震災や事故後の避難中などに亡くなった震災関連死の認定数は、宮城、岩手、福島の被災三県で2554人で、半数以上の1337人を福島が占める。本紙の調べでは福島の震災関連死者のうち、少なくとも789人は原発避難者だった(いずれも3月10日までの集計)。
今回、復興庁が調査したのはこのうち、震災から1年が経過した昨年3月11日から同9月末の半年間の福島の震災関連死者。この時期の全国の関連死者40人中、35人が福島に集中していたためだ。死亡に至る経緯などを市町村や医療機関から聞き取り、分析した。
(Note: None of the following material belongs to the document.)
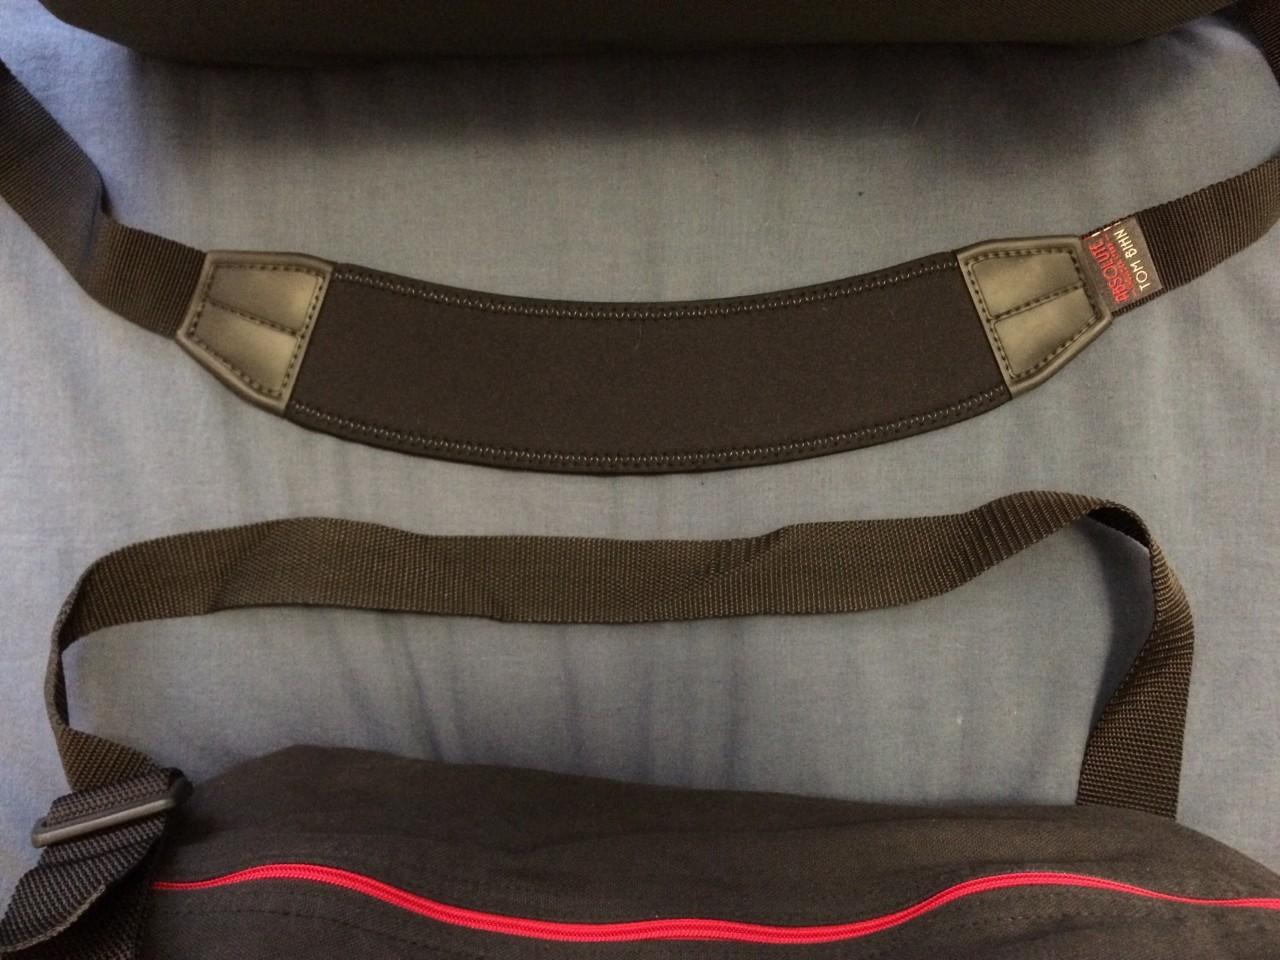 Duffel bag shoulder strap comparison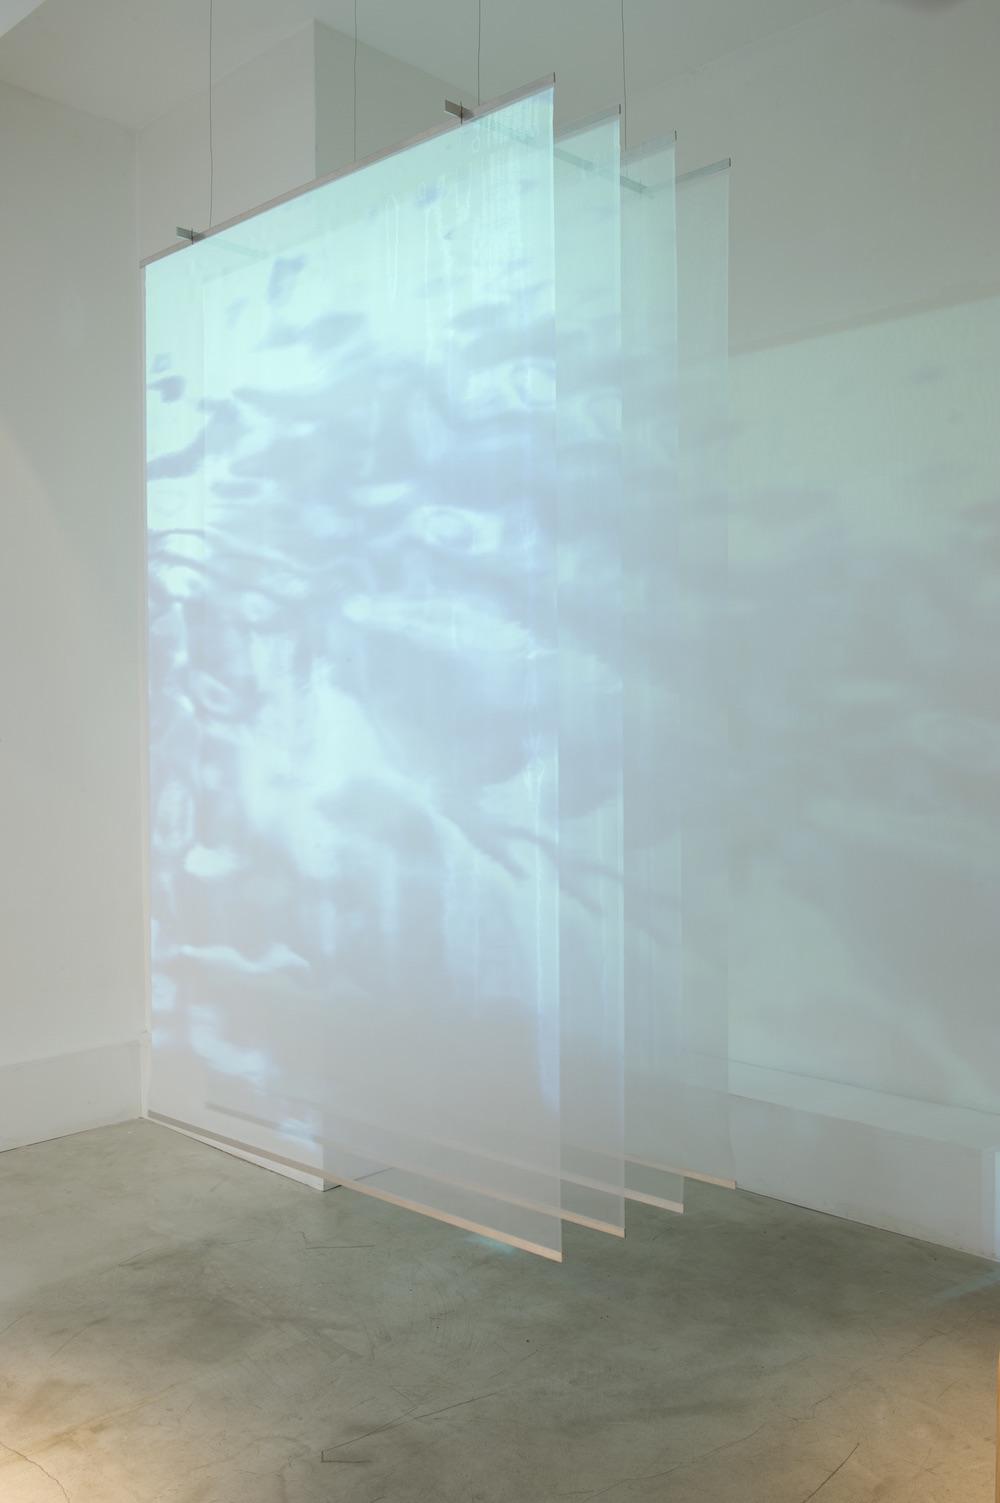 2. Reflections by Grethe Sorensen, Galerie Maria Wettergren

35人は南相馬市、楢葉町、富岡町、川内村、大熊町、浪江町、葛尾村、飯舘村の八市町村の出身。50代が一人で、ほかは60歳以上だった。複数回答による死亡原因の調査では、避難所生活での肉体的・精神的疲労が45%で一番多く、避難所などへの移動中の疲労が24%だった。
報告書の中で、福島県の医療関係者は「『生きているうちに今の避難先から出られない』という不安や、生きがいも、希望も、生きる意欲も持てないというメンタル面の影響も大きい」と指摘している。
医療関係者は、2011年12月~12年2月の施設での死亡率が前年同期比1・2倍になっている現状を挙げ「全体の死亡リスクがあがった。死亡は氷山の一角」とも懸念している。
同庁の担当者は「仮設住宅より住み心地の良い公共住宅の早期再建が必要。国として財政支援をしたい」と話している。